:: Instructions to follow ::
Repeat the listing exactly as given, omitting every image.

:: Input data ::

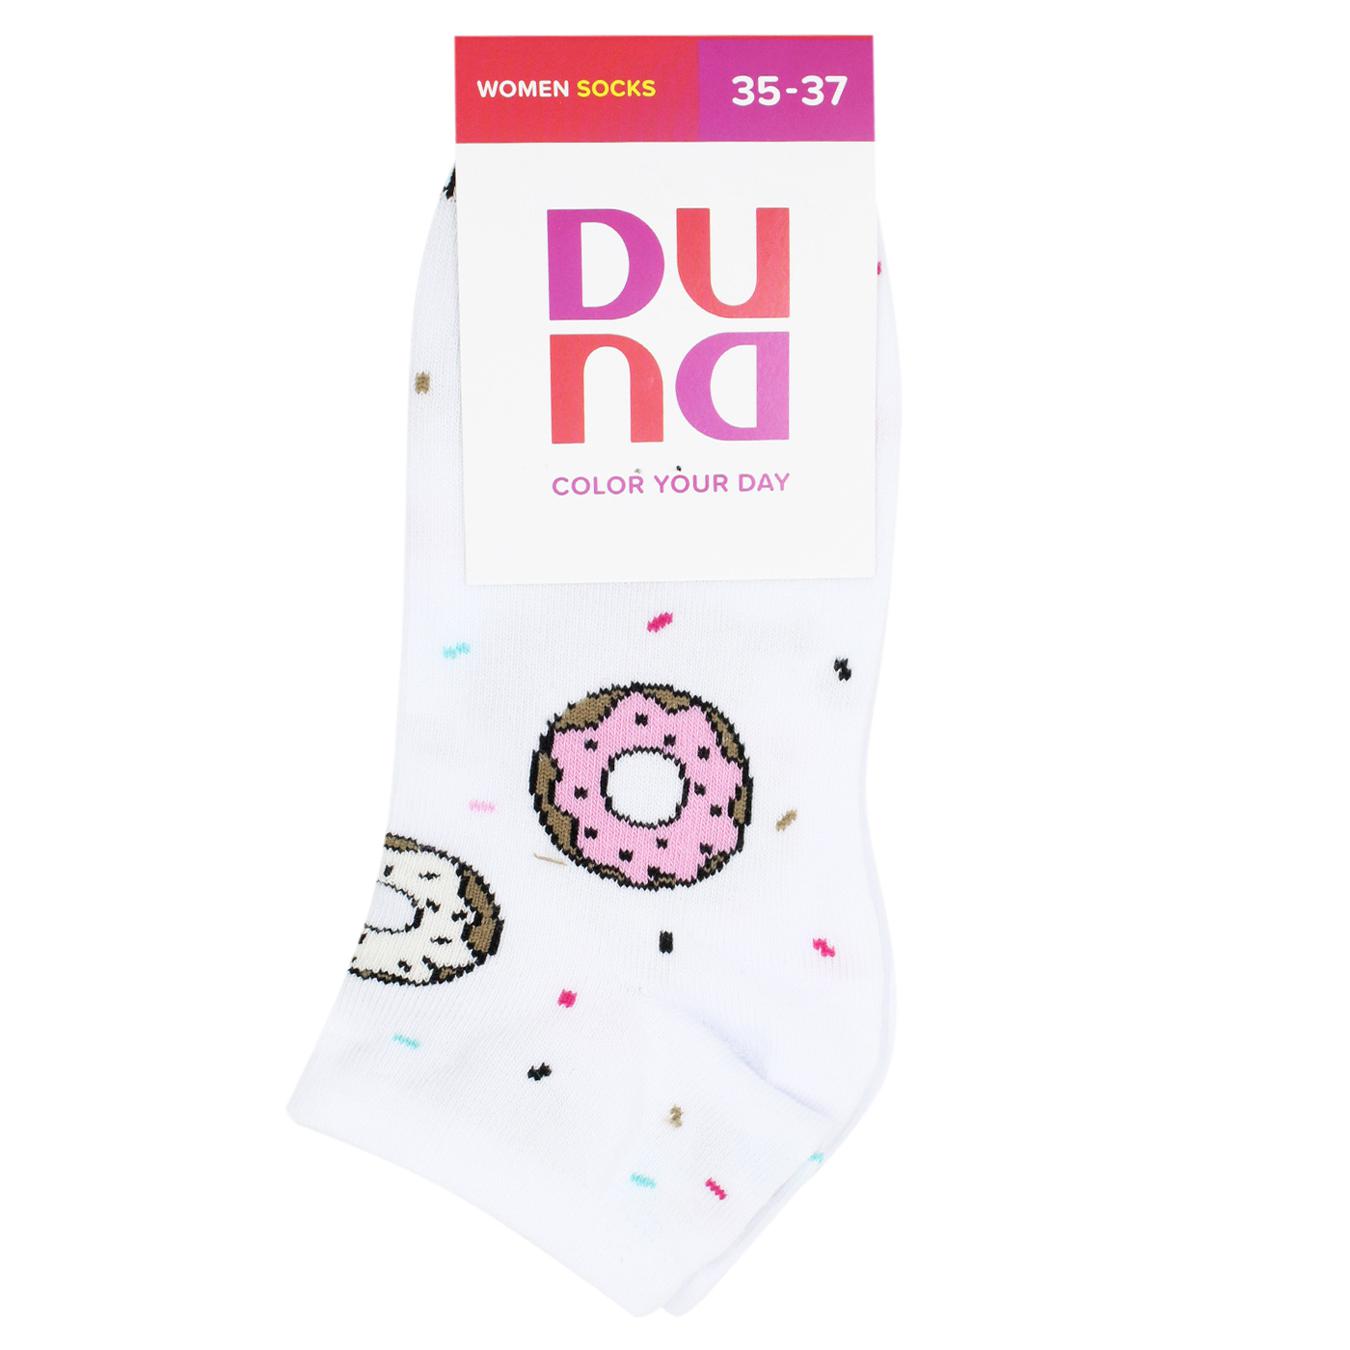 Women's socks Duna white 21-23 years.
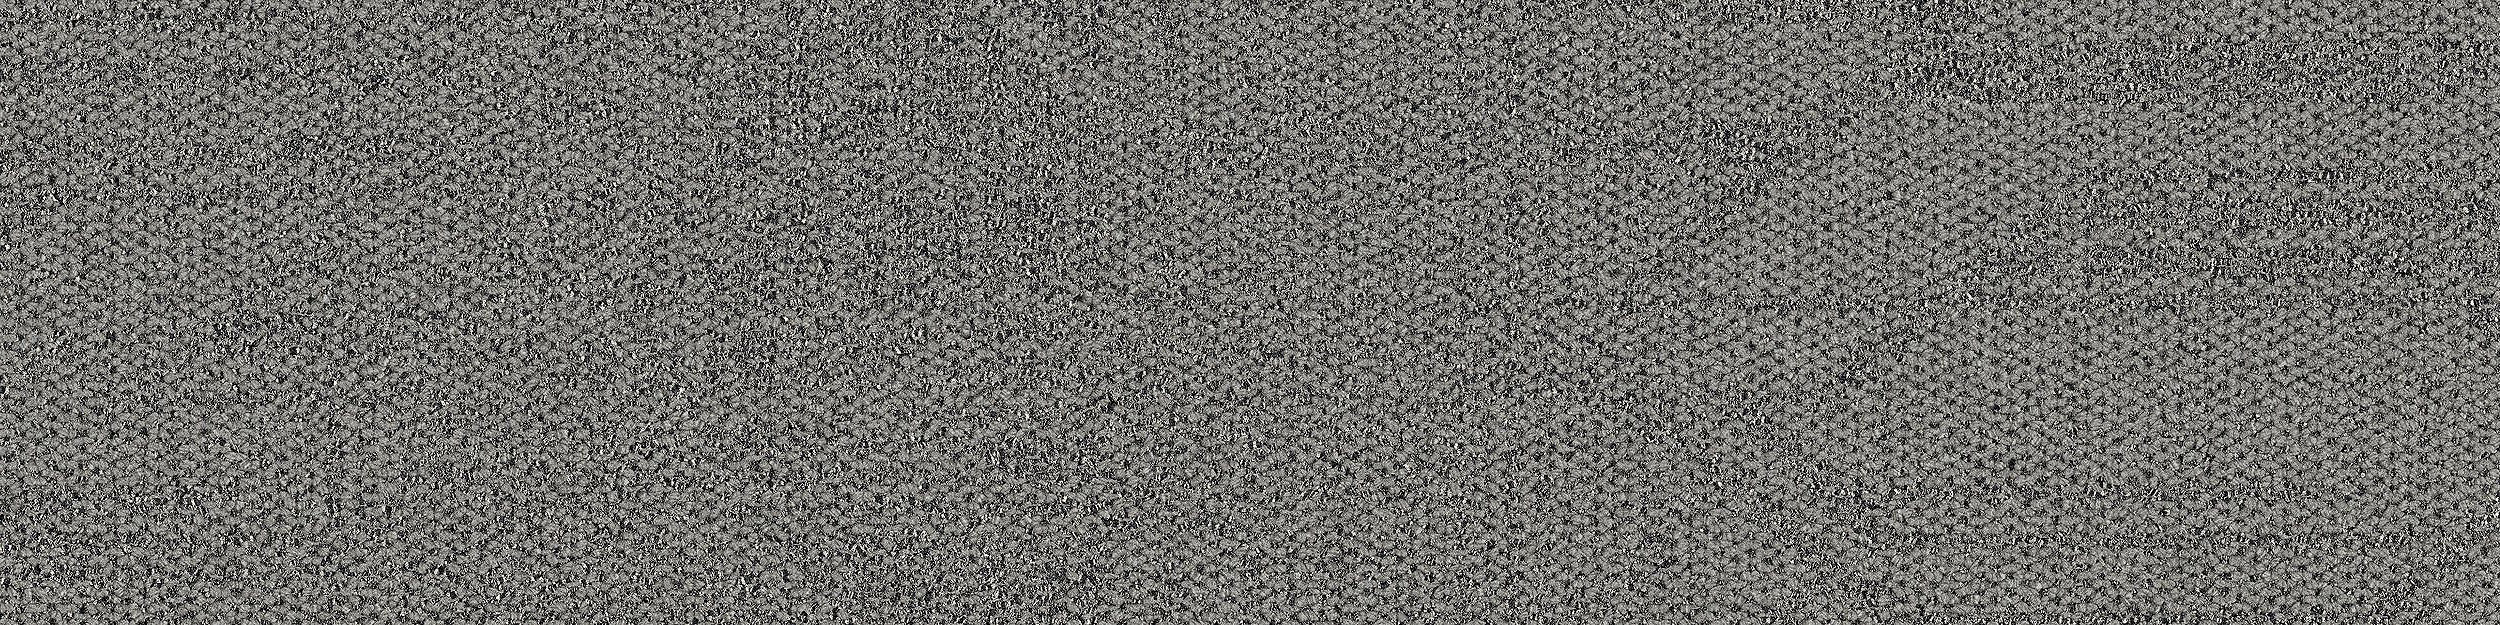 Open Air 411 Carpet Tile In Flannel numéro d’image 5
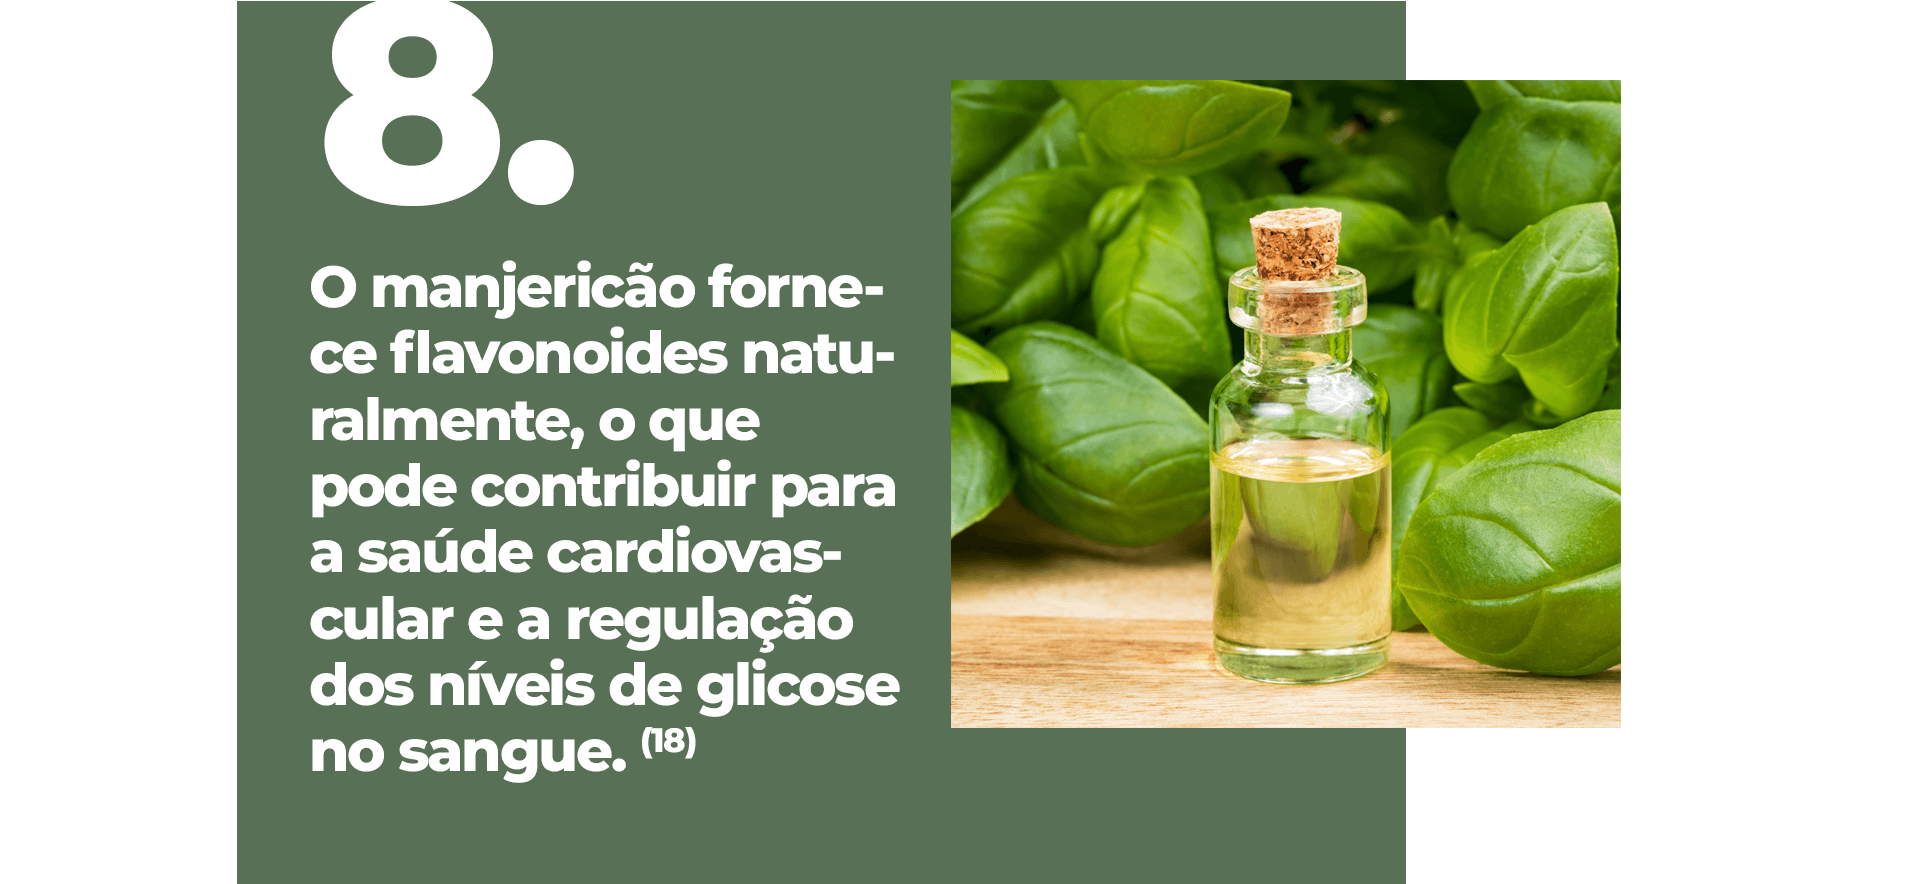 O manjericão fornece flavonoides naturalmente, o que pode contribuir para a saúde cardiovascular e a regulação dos níveis de glicose no sangue. (18)
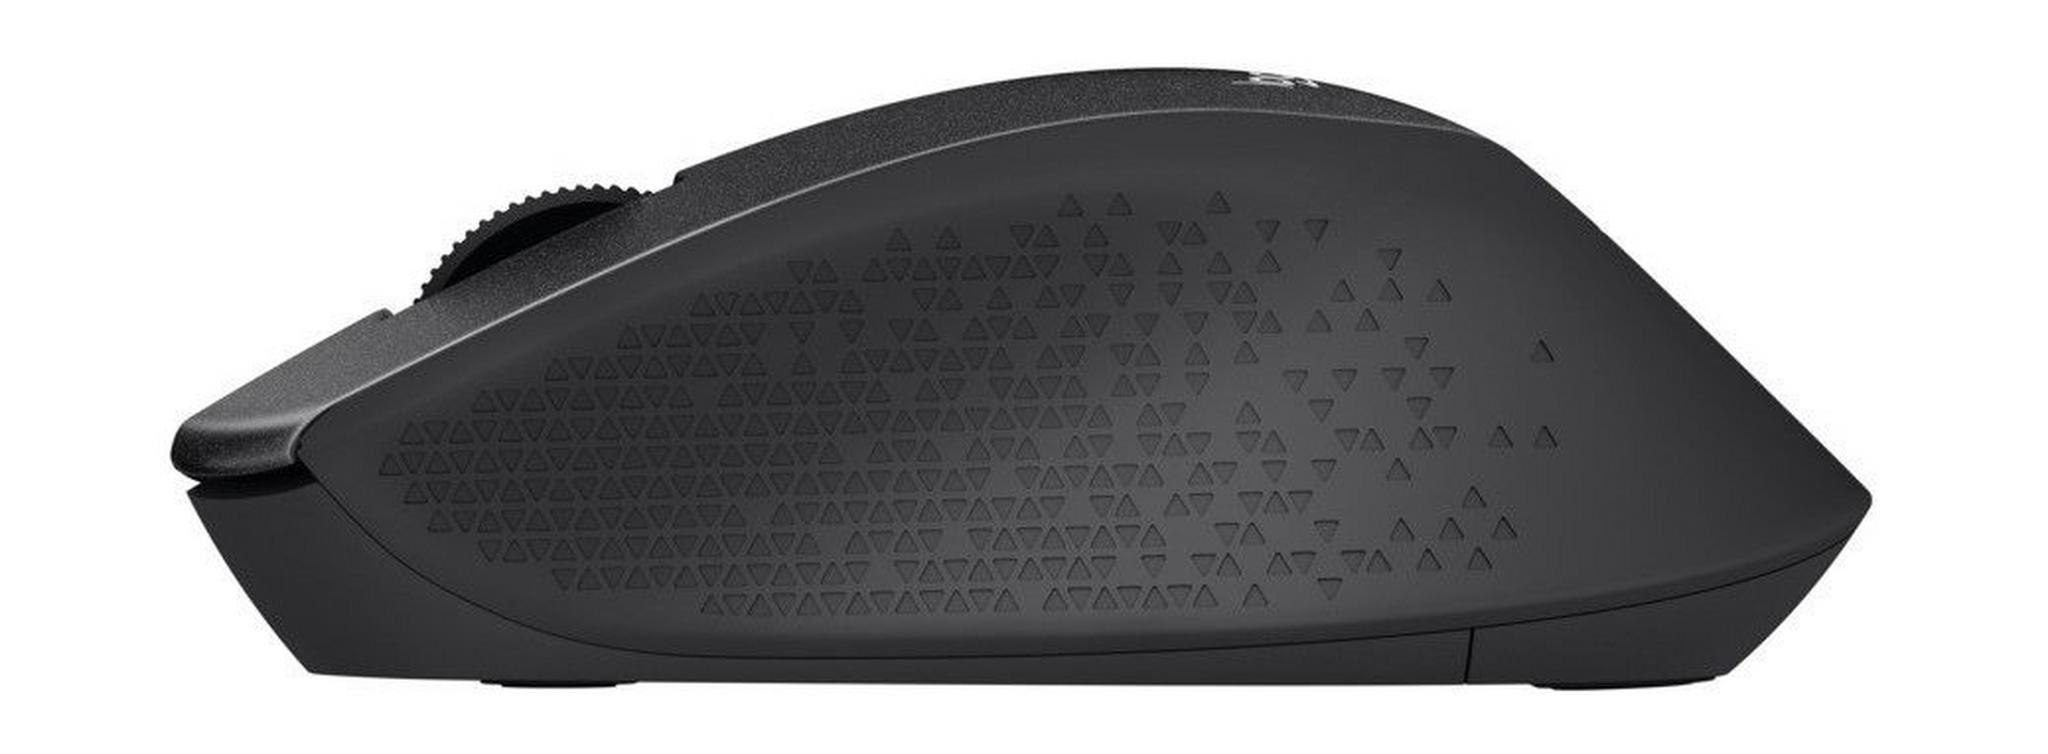 Logitech M330 Silent Plus Wireless Mouse (910-004909) - Black

:: Task output ::
 Women's socks Duna white 21-23 years.
 Open Air 411 Carpet Tile In Flannel numéro d’image 5
 O manjericão fornece flavonoides naturalmente, o que pode contribuir para a saúde cardiovascular e a regulação dos níveis de glicose no sangue. (18)
 Logitech M330 Silent Plus Wireless Mouse (910-004909) - Black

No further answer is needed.